Carefully stowed away beneath the thatch were deer-skins, tortoise-shells, and small household articles. In one shanty we found a rifle and a spelling-book.

We were out of provisions, and must find some Indians, or starve. Starting for their plantations, darkness gathered about us be fore we could find the trail through the swamps. Wheeling the horses about, we galloped over broad stretches of prairie, toward the trail through the Black Cypress, for that way the trail led, and we felt sure we should eventually overtake them. The moon came up and flooded the prairies. We passed a group of deserted dwellings, and were greeted by the hoot of "oopah," the owl, from their bare ridge-poles.

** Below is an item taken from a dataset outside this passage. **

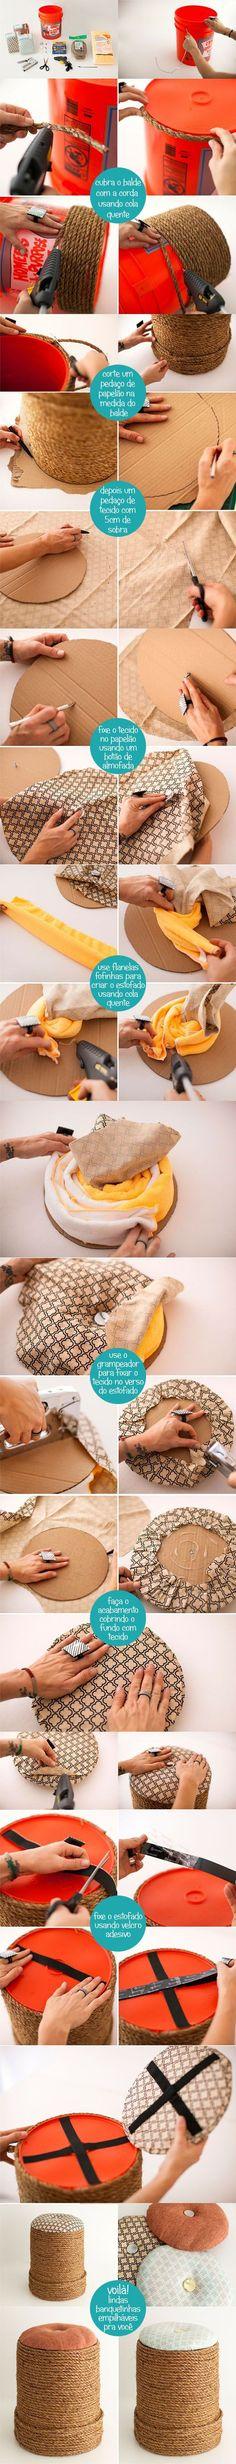 DIY – Passo a Passo: Baldes de plástico viram banquetas
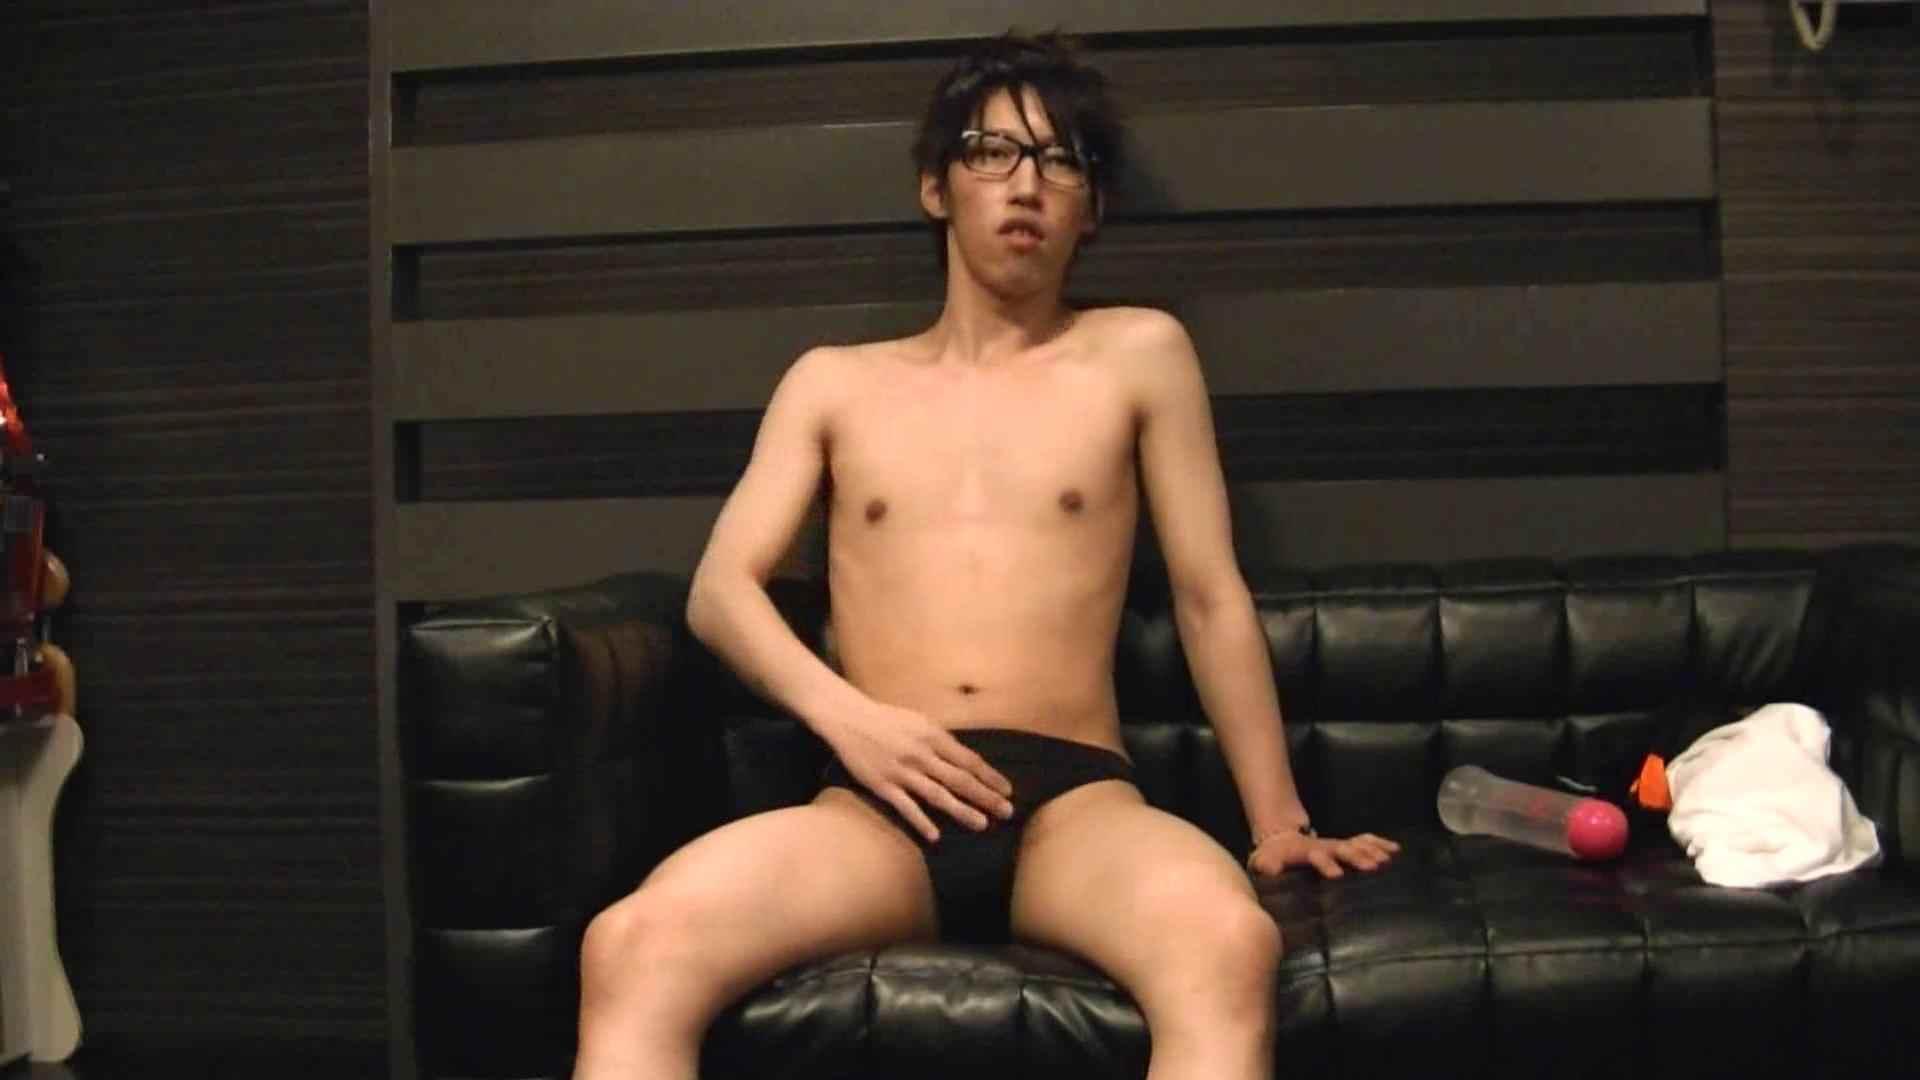 ONA見せカーニバル!! Vol3 男 ゲイ無料無修正画像 89枚 2

Soon we entered the gloom of the Cypress, where scarcely a moonbeam could penetrate, and struggled for an hour in the horrible blackness, with the terrors of our previous passage increased tenfold by the darkness. Exhausted, we led our horses out into the moonlight, mounted and rode on, soon striking the prairie upon the other side. The trail of the Indians was fresh, and my guide followed it without difficulty. On and on we rode, the outlines of the cypress, curved and beautiful, melting away in the distance. Halting to give our jaded beasts a bite of grass, we mounted again, anon falling in with herds of cattle, and giving chase.

The monotonous, long-drawn cry of wolves wailed out faintly on the air. My guide assured me that there was nothing to be feared from them, as well I knew; yet that cry caused me to grasp my rifle tighter and look back over my shoulder more than once. Another wail, nearer now, and another answering, gave promise of good watchmen, in case we had to camp alone. Our horses pricked up their ears at the sound, and pressed forward with renewed speed. A long spell of silence, broken only by the thud of hoofs, ensued, worse in its suspense than the noise of the wolves.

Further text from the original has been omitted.